Des Européens détestés
Autre fait accablant: le langage employé par Hegseth, dans cette boucle, à propos des Européens dont il est l’interlocuteur pour les questions militaires. En réponse à une affirmation du Vice-Président JD Vance (auquel il doit sa confirmation sénatoriale) qui répétait «détester simplement renflouer les Européens une fois de plus», l’intéressé a rajouté une couche de mépris.

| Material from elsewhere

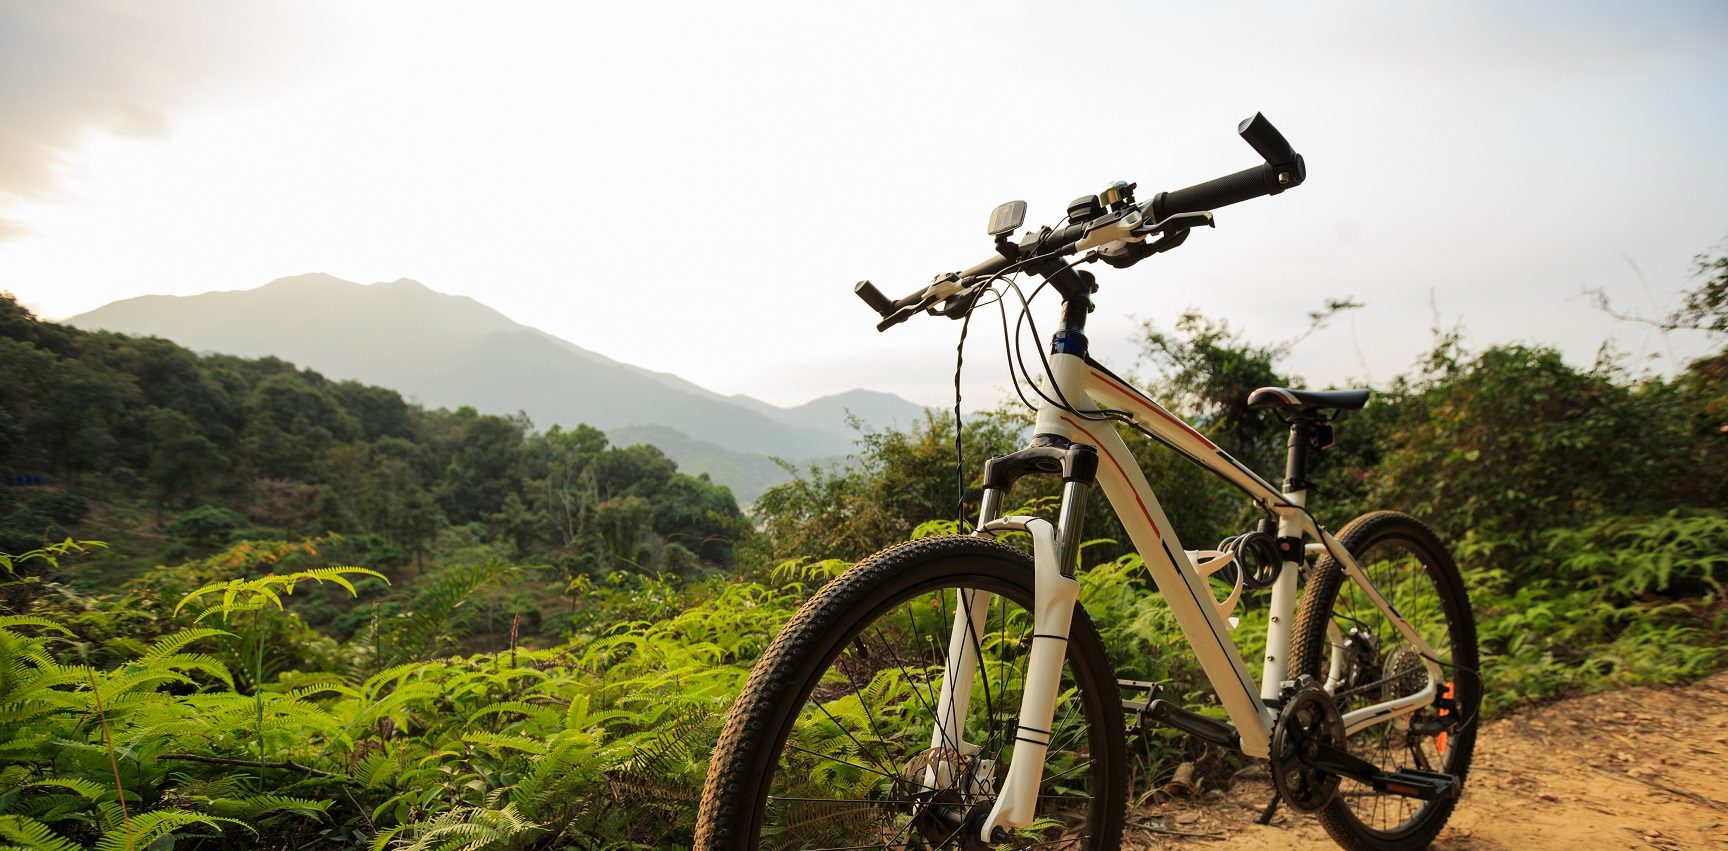 Fotos para Instagram montando bicicleta de montaña en el sendero del bosque de montaña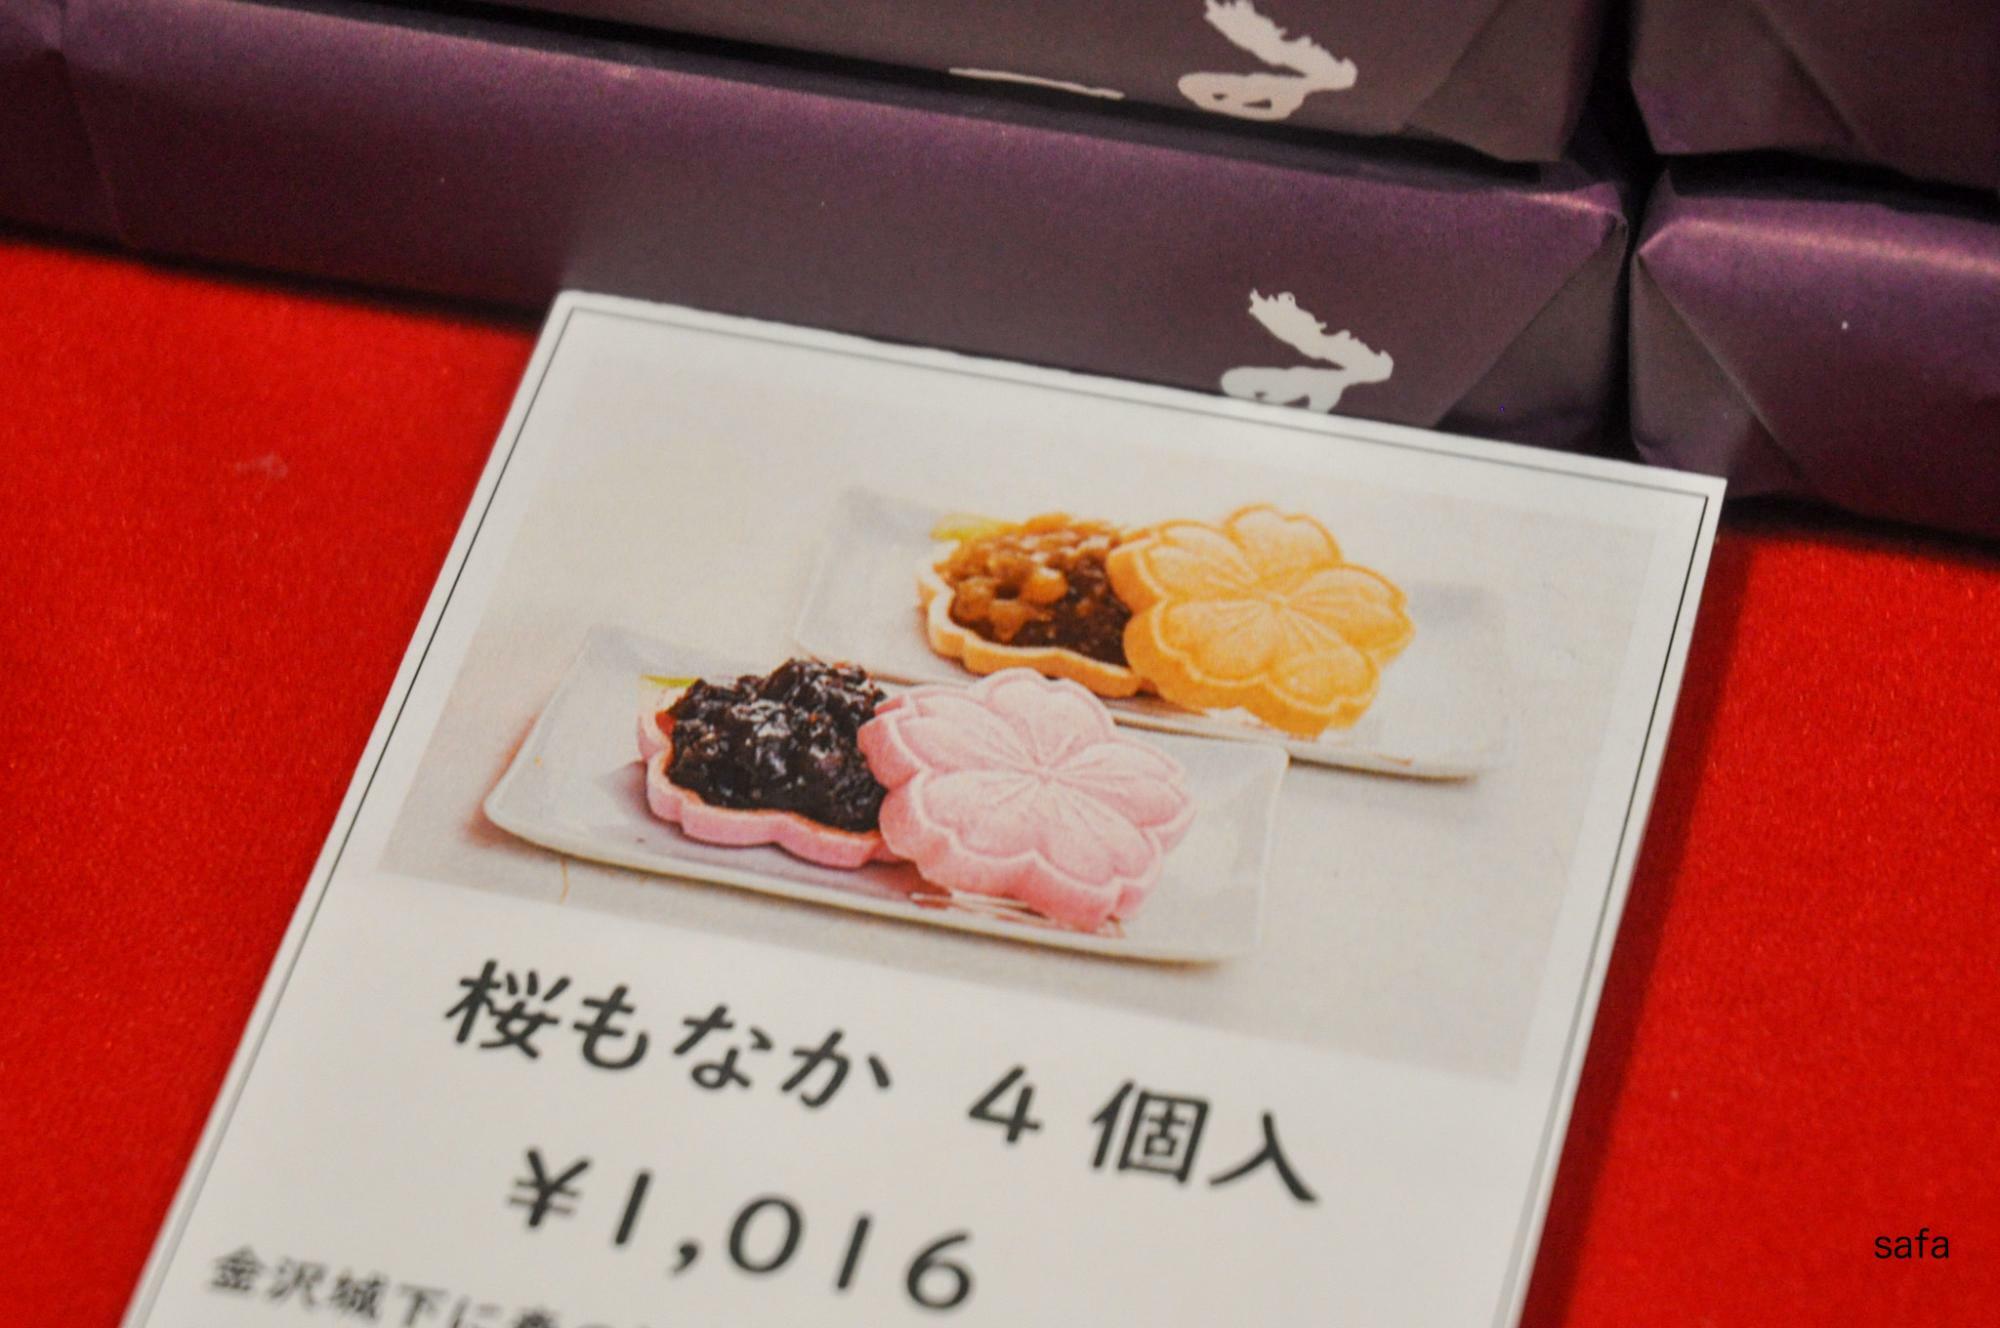 加賀藩御用菓子司 森八は1625年創業の老舗。ヨモギの餡は金沢ならでは。

«Je partage entièrement votre aversion pour le parasitisme européen», a-t-il répondu. C’est PATHÉTIQUE». Et ce, alors que le même Hegseth demande aux alliés des Etats-Unis réunis au sein de l’OTAN d’augmenter leurs dépenses militaires, d’acheter du matériel américain, et de continuer de se fier à cette alliance dont le prochain sommet aura lieu à La Haye (Pays-Bas), les 24 et 25 juin.
Danger mondial
«Il transforme le Pentagone en danger mondial. Il est impossible de commander une aussi formidable machine de guerre sans inspirer le respect et l’autorité» commente, pour Blick, un diplomate suisse qui connaît bien l’institution basée à Bruxelles. D’autant que Pete Hegseth est aussi connu pour ses habitudes personnelles qui posent question sur ses obsessions viriles.
Il a payé 50'000 dollars à une femme qui l’accusait de viol en 2017 à Monterey, en Californie, pour qu’elle ne dépose pas plainte. Il a accusé dans son dernier livre les généraux «réveillés» et les dirigeants des académies militaires d’élite de laisser derrière eux une armée dangereusement faible et «efféminée». Il a promis de se concentrer sur les méthodes «létales».
Le chef et les soldats
«Il n’y a pas un seul officier en vie dont la carrière survivrait à une telle violation de la sécurité», commentait le «New York Times» mardi 25 mars. «Elle aurait normalement des conséquences immédiates (révocation du commandement, par exemple), suivies d’une enquête approfondie et, éventuellement, d’une inculpation pénale.»
Et le célèbre journal de conclure: «Rien ne détruit plus la crédibilité d’un dirigeant auprès des soldats que l’hypocrisie ou la politique du deux poids deux mesures. Lorsque les chefs enfreignent les règles qu’ils imposent aux soldats, ils rompent le lien de confiance entre les soldats et les commandants. Les meilleurs commandants ne demandent pas à un soldat de se conformer à une règle qui ne s’appliquait pas également à eux. Les meilleurs commandants donnaient l’exemple.»